3.3. Bij de stukken van het geding bevinden zich de in de bestreden beslissing bedoelde mededelingen omtrent de zekerheidstelling, te weten een brief van 6 mei 1999 en een brief van 27 mei 1999 van de officier van justitie aan de betrokkene. Geen van beide brieven kan echter worden aangemerkt als een mededeling als bedoeld in art. 11, derde lid, WAHV, onder meer omdat de brief van 6 mei 1999 als aanvang van de termijn waarbinnen zekerheid dient te worden gesteld de dagtekening vermeldt in plaats van de datum van verzending, terwijl in de brief van 27 mei 1999 geen datum is vermeld waarop de termijn aanvangt waarbinnen alsnog zekerheid dient te worden gesteld. Dit brengt mee dat het in de bestreden beslissing besloten liggend oordeel van de kantonrechter dat is voldaan aan voormeld wettelijk voorschrift niet juist is en het beroep dan ook ten onrechte op die grond niet-ontvankelijk is verklaard.
3.4. De betrokkene voert onder meer aan, dat de redelijke termijn waarbinnen de zaak berecht moet worden overschreden zou zijn en dat de beslissing daarom vernietigd zou moeten worden.

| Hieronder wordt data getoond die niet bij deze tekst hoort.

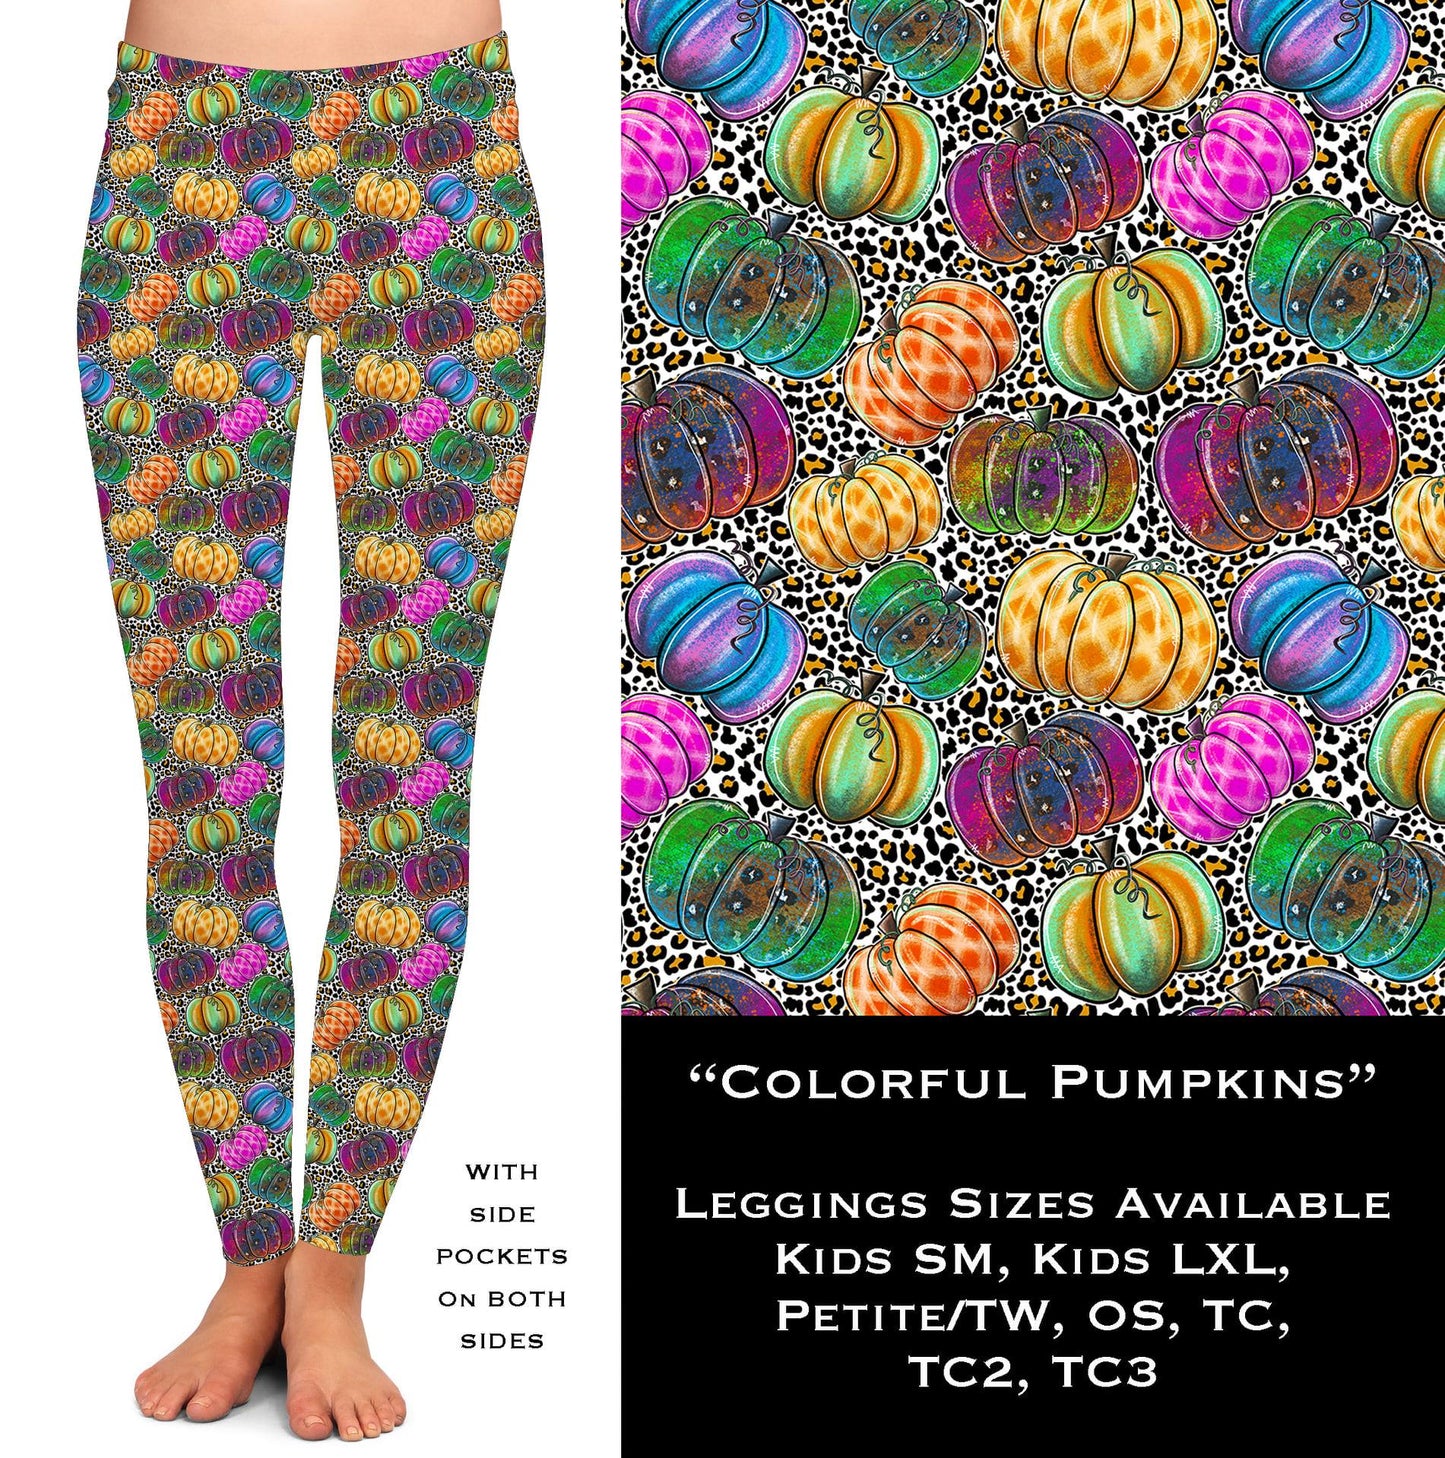 Colorful Pumpkins - Leggings with Pockets

3.5. Het hof overweegt het volgende. In aanmerking genomen dat het in deze zaak gaat om een op 16 december 1998 geconstateerde gedraging en gelet op de tijd die met de behandeling van de zaak na terugwijzing zal zijn gemoeid, valt redelijkerwijs niet te verwachten dat de zaak zal kunnen worden berecht binnen een redelijke termijn als bedoel in art. 6 EVRM. Daarom zal het hof de zaak niet terugwijzen, maar zelf afdoen.
4. De beslissing
Het gerechtshof:
vernietigt de beslissing van de kantonrechter.
vernietigt de beslissing van de officier van justitie d.d. 26 maart 1999, alsmede de beschikking waarbij onder CJIB-nr 24777941 de administratieve sanctie is opgelegd;
Dit arrest is gewezen door mr Huisman, in tegenwoordigheid van mr Bennen als griffier, en uitgesproken ter openbare zitting.